> What is expected
Set down again exactly the lines of the listing below that fall between the line holding "Celtic & Co." and the line holding "File box Storage & Organization at", inclusive.

> Given records

*** Begin section ***

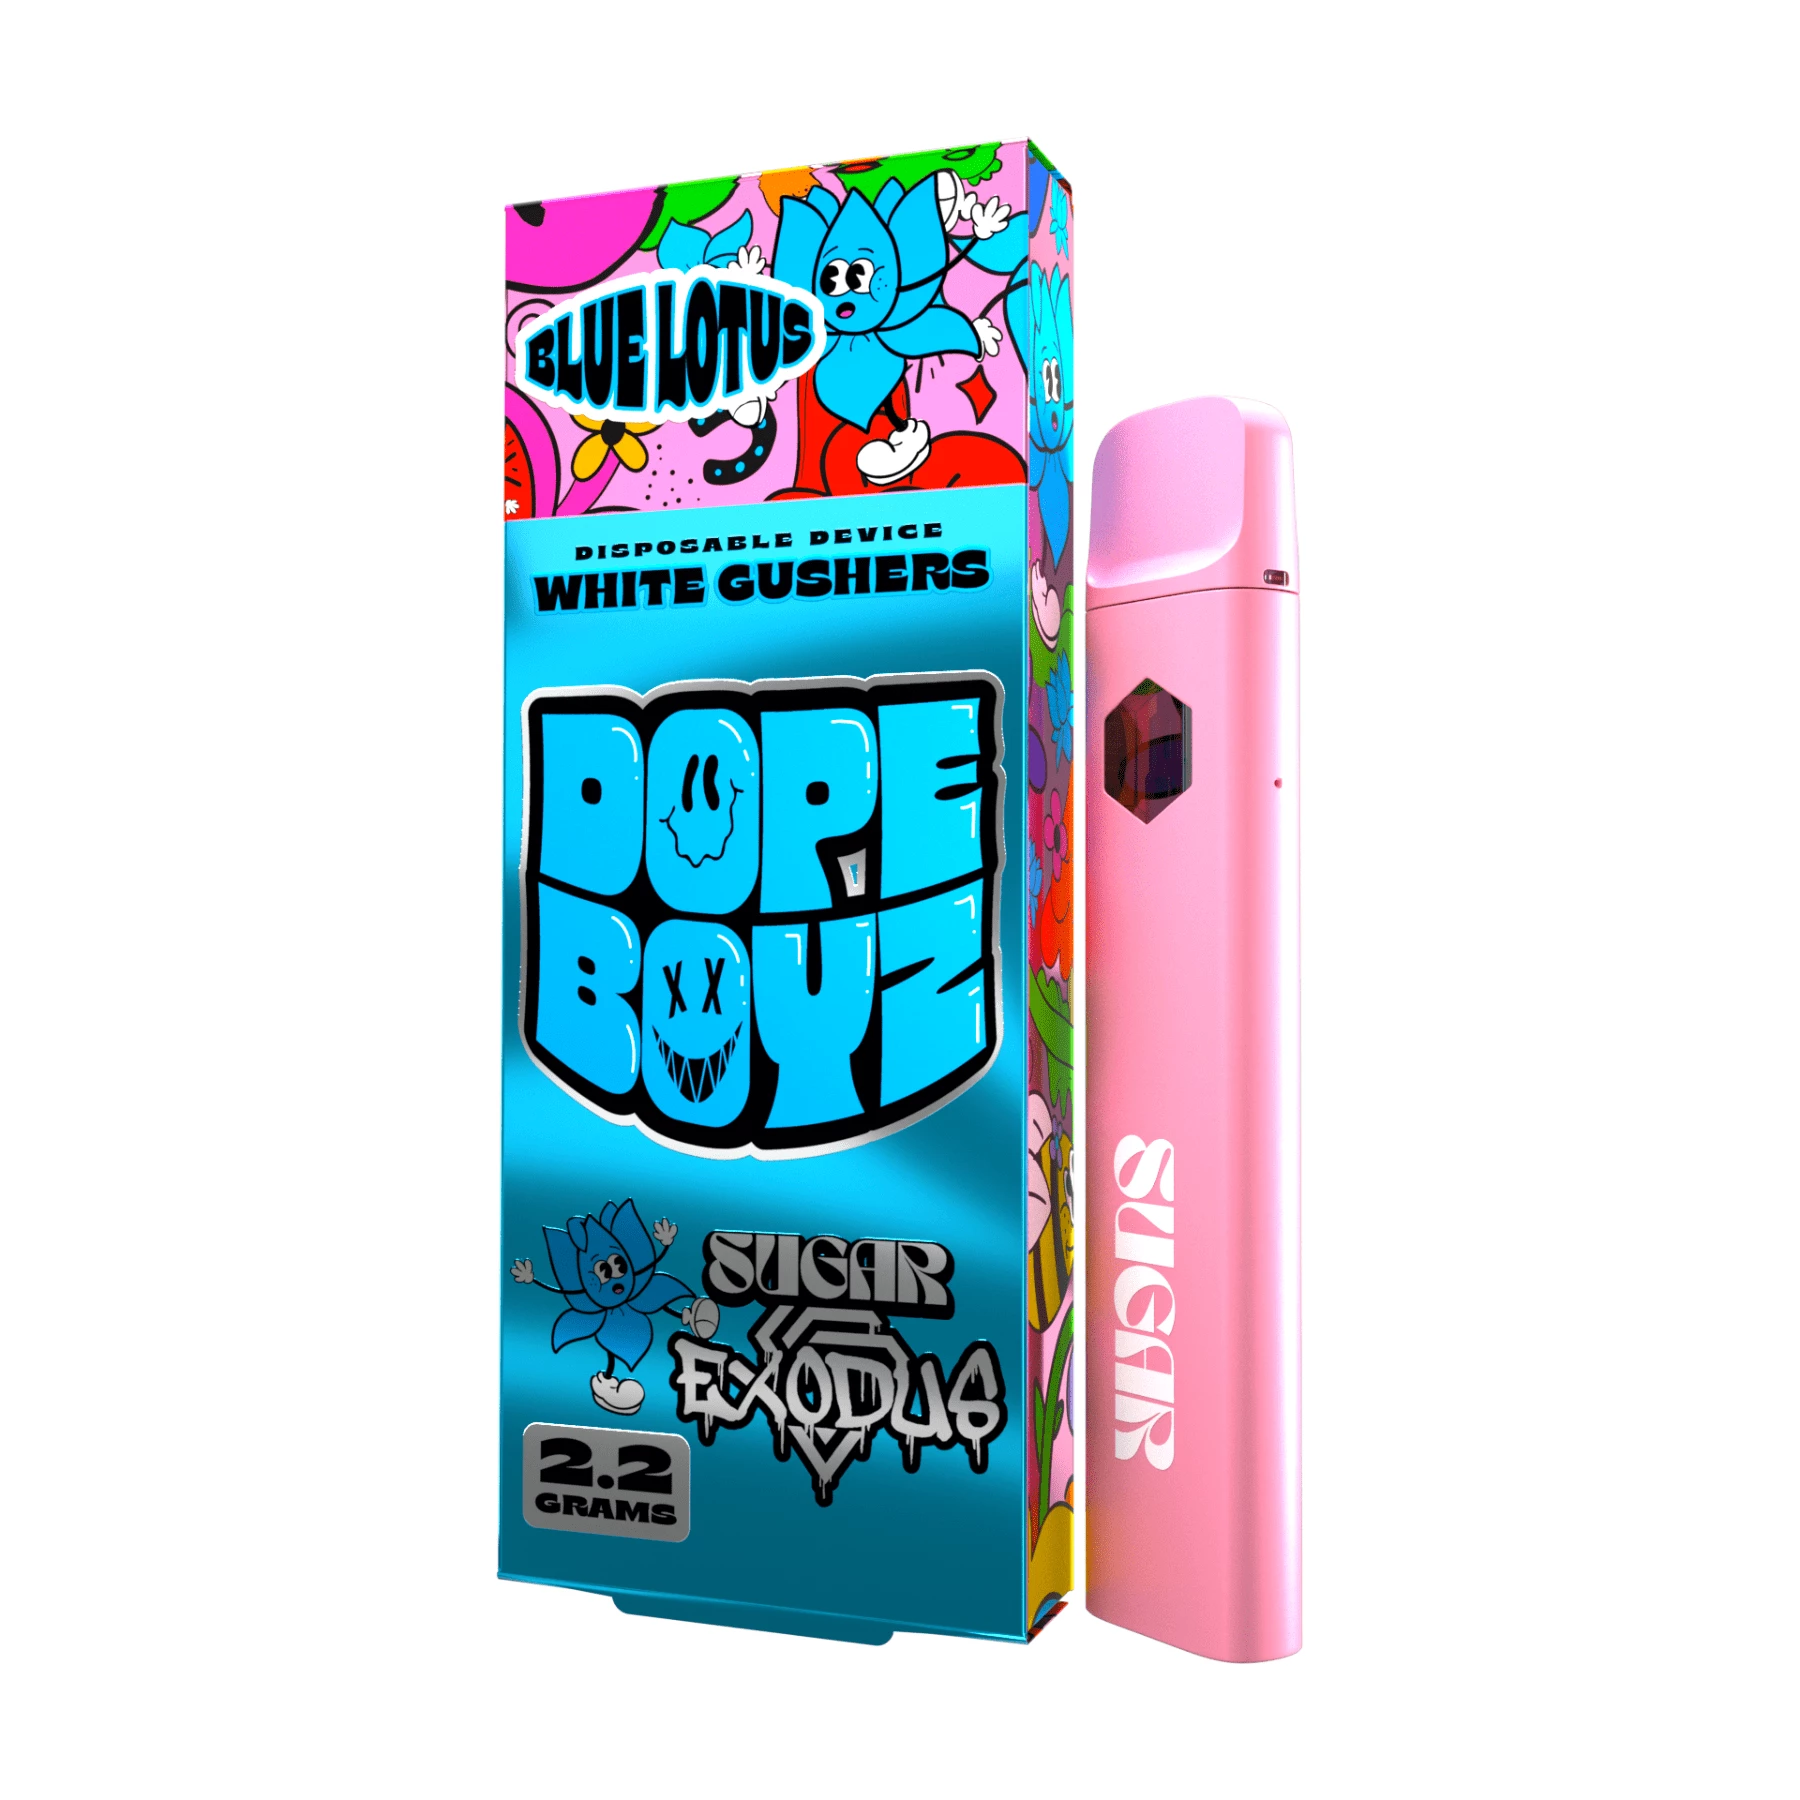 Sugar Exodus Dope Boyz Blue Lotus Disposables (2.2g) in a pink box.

*** End section ***
*** Begin section ***

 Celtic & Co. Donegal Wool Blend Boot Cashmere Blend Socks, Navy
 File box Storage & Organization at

*** End section ***

> Answer space
 Celtic & Co. Donegal Wool Blend Boot Cashmere Blend Socks, Navy
 File box Storage & Organization at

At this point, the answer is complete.